2 tablespoons vegetable oil
2 medium onions, chopped fine
8 boneless, skinless chicken thighs
8 ounces ripe tomatoes, peeled, seeded, and chopped
1 1/2 tablespoon good quality Hungarian Sweet Paprika
salt and pepper to taste
1 pound whole wheat egg noodles
1/2 teaspoon salt
1 tablespoon finely minced parsley
2 tablespoons fat free sour cream
1 tablespoon flour
2 tablespoons cream or sour cream (fat free)
1 tablespoon Smart Balance Light Buttery Spread
In a flame proof casserole, heat oil and add onion. Cook over low heat, stirring often, until soft but not browned. Add chicken and tomatoes and cook, covered, over low heat for ten minutes. Turn chicken over. Add paprika, salt and pepper, and 3/4 cup water. Cover and cook over low for 30 minutes or until chicken is done.
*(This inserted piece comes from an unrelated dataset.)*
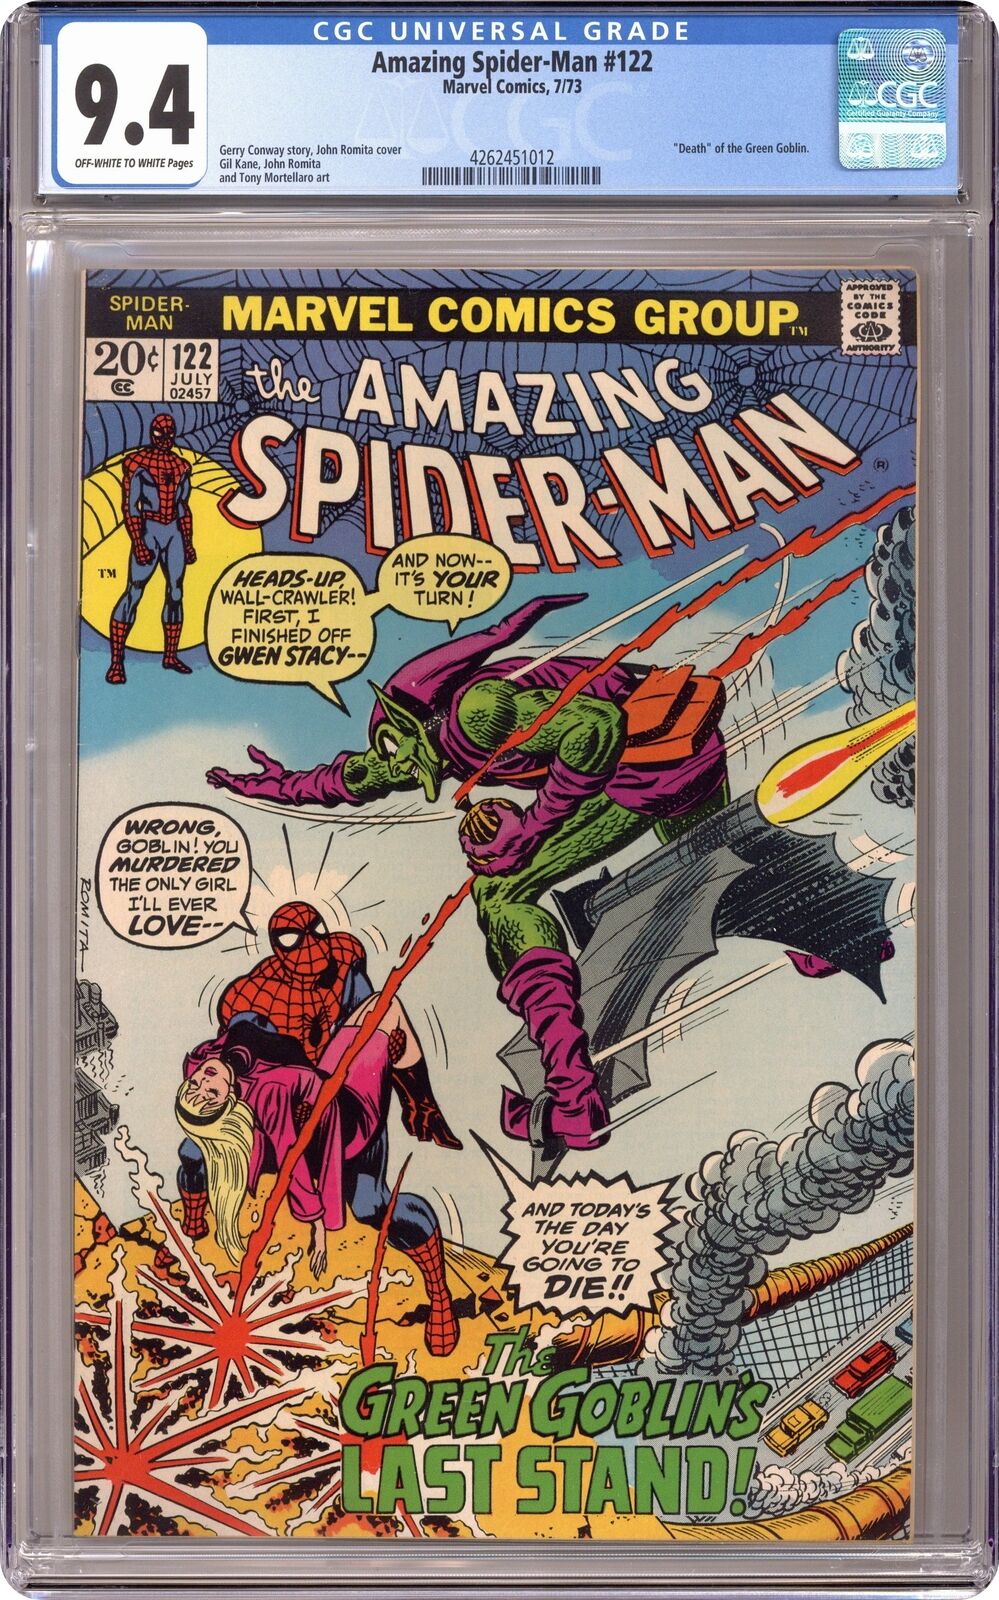 Amazing Spider-Man #122 CGC 9.4 1973 4262451012

While chicken is cooking, boil a large pot of water and about 10 minutes before serving, boil the noodles until tender per package directions. Drain and toss with buttery spread, salt, and chopped parsley.
In a small bowl, mix sour cream and flour to form a paste. Remove chicken from pan to a warm platter. Add the paste to the pan, and, stirring constantly, cook over low heat until thick and smooth, about 8 minutes. Add the additional cream or sour cream, return chicken to the pan and continue to cook over low for another five minutes. Serve over the hot pasta.
- Boiling sour cream may cause it to curdle, so keep the heat low.
- This works very well with cubed pork substituted for the chicken.
This recipe was provided by The Spice House in Chicago and modified to reduce the fat and lower the calories.